他知道师春在天域的民意很高,但是没想到竞高到了这么离谱的地步,现在外面说到天域都在说师春,搞的师春才是域主似的,光芒遮的外面都看不见了他蛮喜,而师春那狗东西作为下属竞毫不避讳这些。他很清楚,天庭不是聋子和瞎子,或多或少肯定有耳目在这里,师春在天域的民意基础恐怕已经上达了天听,估计自己被骂的飞起的民意也早就上达了天听……
一座酒肆窗口后面,师春负手而立,他也亲自到了现场查看押送情况。
他虽不亲自操办此事,闲暇时来一趟现场也是有必要的,毕竟不能什么都听别人说。
两墙之隔的隔壁楼内窗口,偶尔有议论声隐隐约约飘出,“这真是盛况啊,听说域府中枢和定东府那边,到现在才招了三四千万人,这定西和定北一开场就这源源不断的阵势,估计要不了半年就得超过他们,那两位的位置怕是保不住了。”
“保不住了才好,你没听那边的人马都是怎么骂他们的吗?真要让他们掌了权,我们的日子未必好过,咱们这定南指挥使才是个爱民如子的。”
“那是,人家一府都是十城,咱们指挥使直接把府城都给省了,硬在凤城主这凑合了,把省下的钱都用在了给大家建免费房子上。
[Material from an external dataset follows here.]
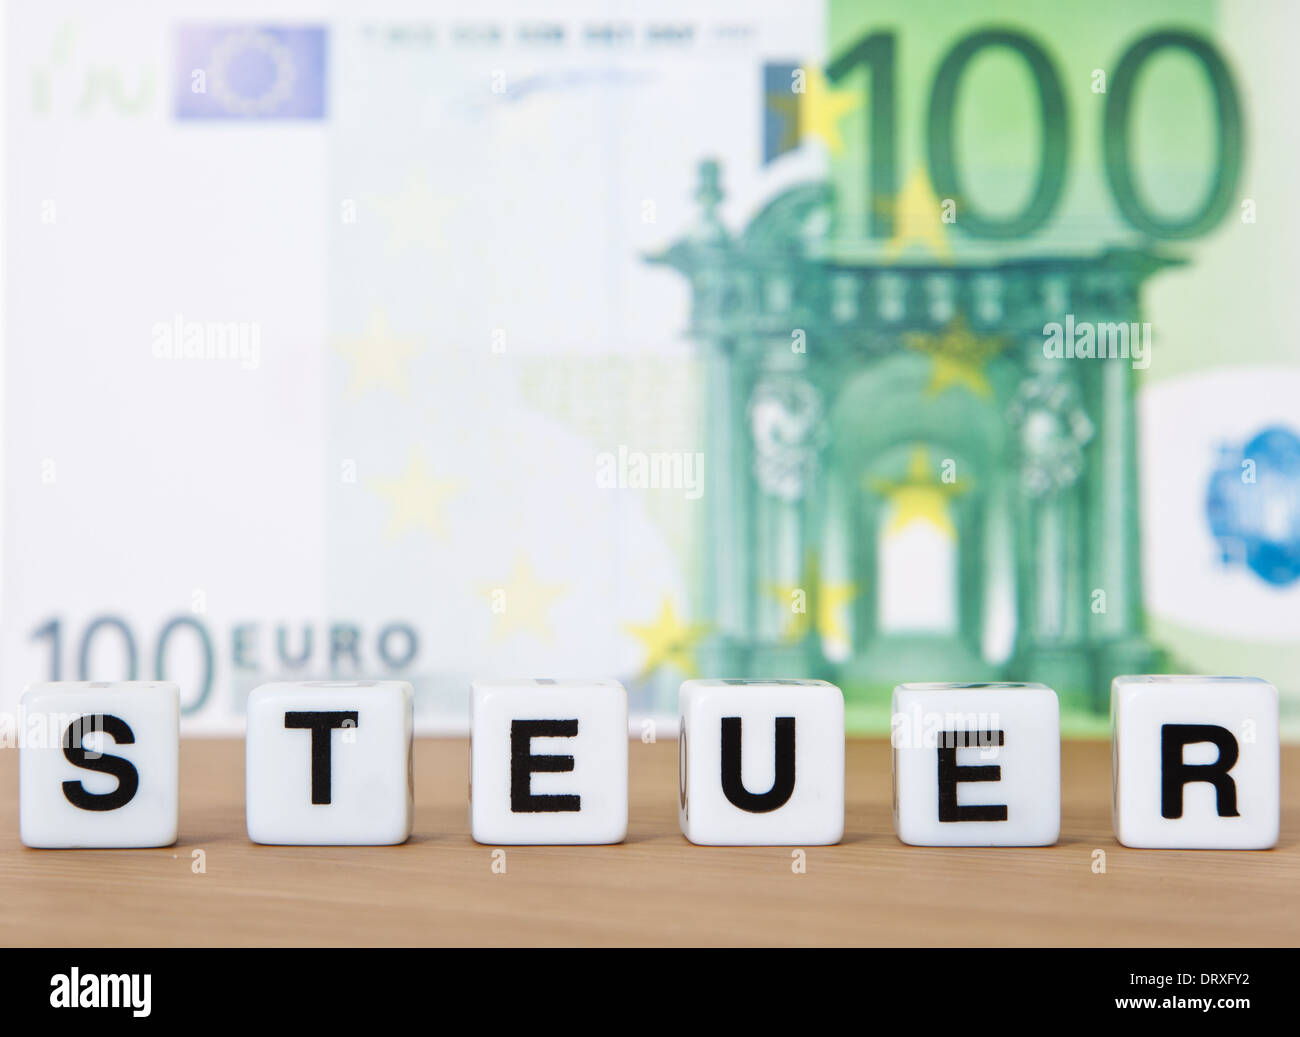 El término alemán Steuer impuesto (en inglés) en la parte delantera del billete de 100 euros. Foto de stock

”
侧耳听的师春闻言略怔,自己当时肯定是没这打算的,毕竞开府建城伊始,引进人口的法旨还没下来,也不知是谁在传谣。
偏头时无意中看到一旁的凤池抿嘴笑,师春恍然大悟,懂了,是这女人宣扬美化的。
“会不会还有种可能,指挥使跟凤城主有一腿,为了住一块方便才省事的。你看凤城主那瓷白肉美的丰腴模样,挺诱人的,男女长期共处,我不信他们之间没事……”
师春眉眼略垂,没想到出来一趟还听到了自己的风流谣言,虽没当回事,但还是又偏头看了眼凤池。谁知凤池一副憋笑的样子,凑近了些低声道:“也不是不行,只要大人不嫌弃,我反正是没意见的。”师春有些意外地瞥了她一眼,纯当是在拿他开玩笑,据他所知,这女人当初不惜被废修为也不屈从男女之事,连魔道圣女的位置都放弃了。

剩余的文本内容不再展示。